DPDK patches and discussions
 help / color / mirror / Atom feed
From: Bruce Richardson <bruce.richardson@intel.com>
To: "Varghese, Vipin" <Vipin.Varghese@amd.com>
Cc: "dev@dpdk.org" <dev@dpdk.org>, "Song, Keesang" <Keesang.Song@amd.com>
Subject: Re: [PATCH v4] build: reduce use of AVX compiler flags
Date: Tue, 10 Jun 2025 15:27:41 +0100	[thread overview]
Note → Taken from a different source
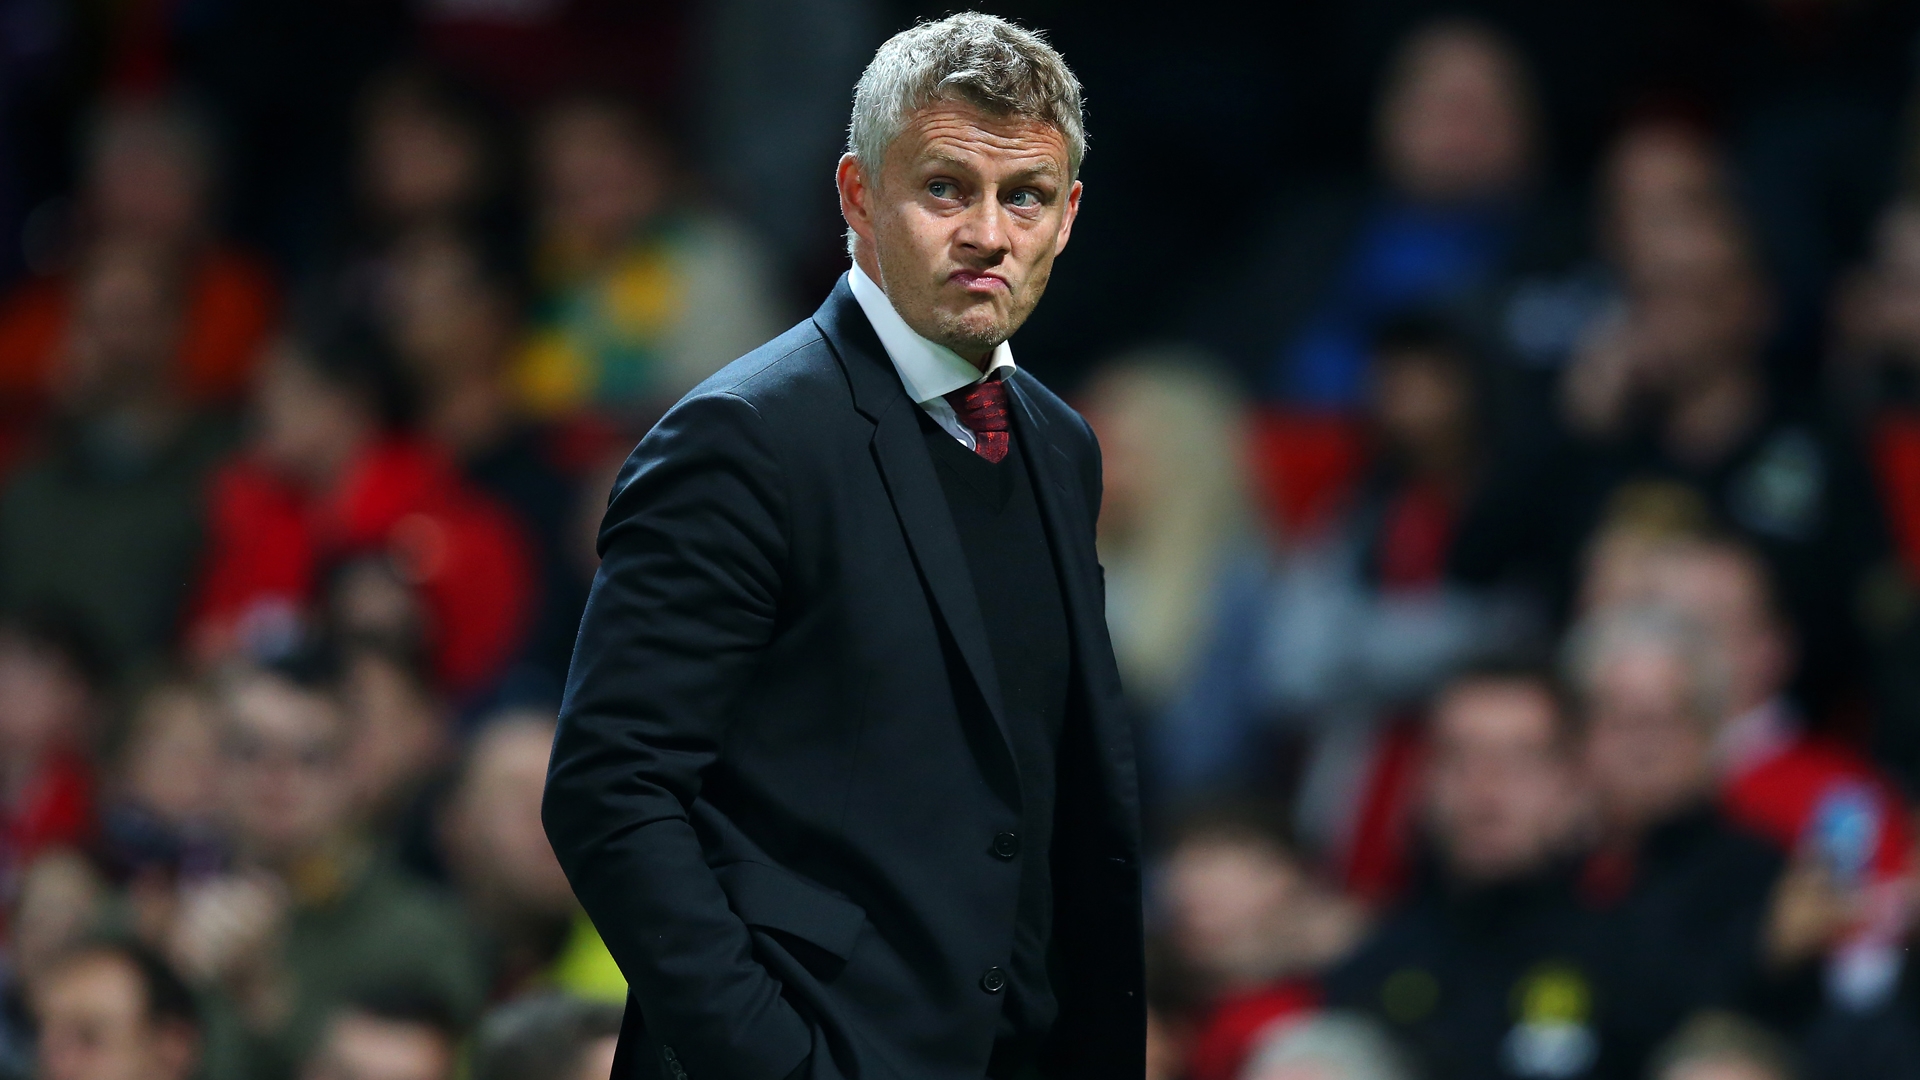 Man Utd to stick with Solskjaer even if they miss out on top six

Message-ID: <aEhA3YgjW9SsMfYE@bricha3-mobl1.ger.corp.intel.com> (raw)
In-Reply-To: <PH7PR12MB8596ADB9B5BC7947CF6AC43C826AA@PH7PR12MB8596.namprd12.prod.outlook.com>

On Tue, Jun 10, 2025 at 01:02:12PM +0000, Varghese, Vipin wrote:
> [Public]
> 
> Hi Bruce,
> 
> Snipped
> 
> > > > > >
> > > > > > Hi Bruce, we have reviewed this internally and tested the same.
> > > > > > We would like
> > > > > your thought for the following.
> > > > > >
> > > > > > - Before patch: we were directly setting AVX512 falgs for F, BW,
> > > > > > DQ, VL
> > > > > > - new patch: we are setting the flags for `skylake-server` as bare minimal.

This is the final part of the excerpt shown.